Within the lines below, find those that hold the string "white" and copy each one.

(Data shown)

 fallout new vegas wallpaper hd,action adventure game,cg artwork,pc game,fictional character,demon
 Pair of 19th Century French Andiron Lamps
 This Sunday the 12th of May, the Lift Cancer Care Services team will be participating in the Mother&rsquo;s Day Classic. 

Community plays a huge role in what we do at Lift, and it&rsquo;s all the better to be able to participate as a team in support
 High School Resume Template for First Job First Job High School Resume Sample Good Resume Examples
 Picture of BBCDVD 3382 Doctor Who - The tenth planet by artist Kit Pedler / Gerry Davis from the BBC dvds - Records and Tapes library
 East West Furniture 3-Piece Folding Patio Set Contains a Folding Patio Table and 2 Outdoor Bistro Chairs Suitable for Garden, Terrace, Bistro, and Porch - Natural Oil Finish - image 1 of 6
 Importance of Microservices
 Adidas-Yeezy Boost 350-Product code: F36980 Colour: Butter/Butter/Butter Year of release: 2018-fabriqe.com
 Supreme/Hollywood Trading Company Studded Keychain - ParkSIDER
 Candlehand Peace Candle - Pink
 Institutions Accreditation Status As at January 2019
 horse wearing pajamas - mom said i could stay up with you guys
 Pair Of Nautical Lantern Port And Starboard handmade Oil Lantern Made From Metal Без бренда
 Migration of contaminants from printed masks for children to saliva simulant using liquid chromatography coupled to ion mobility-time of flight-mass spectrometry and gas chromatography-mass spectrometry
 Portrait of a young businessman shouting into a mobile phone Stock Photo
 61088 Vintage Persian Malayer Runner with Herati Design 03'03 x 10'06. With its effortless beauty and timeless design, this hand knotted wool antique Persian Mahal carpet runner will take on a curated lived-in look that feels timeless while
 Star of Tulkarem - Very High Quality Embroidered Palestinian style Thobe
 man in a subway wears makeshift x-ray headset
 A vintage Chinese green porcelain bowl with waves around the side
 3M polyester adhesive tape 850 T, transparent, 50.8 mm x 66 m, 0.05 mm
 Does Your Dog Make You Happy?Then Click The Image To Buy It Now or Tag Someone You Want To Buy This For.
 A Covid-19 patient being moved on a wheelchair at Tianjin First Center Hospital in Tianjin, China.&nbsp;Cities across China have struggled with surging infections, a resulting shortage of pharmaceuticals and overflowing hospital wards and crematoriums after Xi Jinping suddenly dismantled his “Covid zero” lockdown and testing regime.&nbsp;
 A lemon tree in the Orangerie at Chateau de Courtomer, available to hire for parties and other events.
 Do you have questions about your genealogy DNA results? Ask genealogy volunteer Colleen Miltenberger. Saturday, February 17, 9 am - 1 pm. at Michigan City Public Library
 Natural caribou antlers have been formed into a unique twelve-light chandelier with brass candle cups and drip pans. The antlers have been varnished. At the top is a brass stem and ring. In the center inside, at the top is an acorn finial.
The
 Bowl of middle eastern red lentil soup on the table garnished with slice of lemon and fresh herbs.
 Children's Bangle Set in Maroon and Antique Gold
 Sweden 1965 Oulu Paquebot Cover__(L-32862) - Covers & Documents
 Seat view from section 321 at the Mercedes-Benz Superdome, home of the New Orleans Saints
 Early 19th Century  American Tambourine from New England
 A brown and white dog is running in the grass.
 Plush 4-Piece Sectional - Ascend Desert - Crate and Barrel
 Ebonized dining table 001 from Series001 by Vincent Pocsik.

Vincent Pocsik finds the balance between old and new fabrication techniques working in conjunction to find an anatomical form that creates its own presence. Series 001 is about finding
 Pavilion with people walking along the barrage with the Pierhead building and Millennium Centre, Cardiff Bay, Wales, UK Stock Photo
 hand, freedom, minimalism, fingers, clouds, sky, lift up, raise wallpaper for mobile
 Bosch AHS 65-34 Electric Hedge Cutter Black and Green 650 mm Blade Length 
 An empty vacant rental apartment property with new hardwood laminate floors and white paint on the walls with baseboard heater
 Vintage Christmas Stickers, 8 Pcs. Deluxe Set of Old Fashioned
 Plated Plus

(End Data shown)

**Task result**
 A brown and white dog is running in the grass.
 An empty vacant rental apartment property with new hardwood laminate floors and white paint on the walls with baseboard heater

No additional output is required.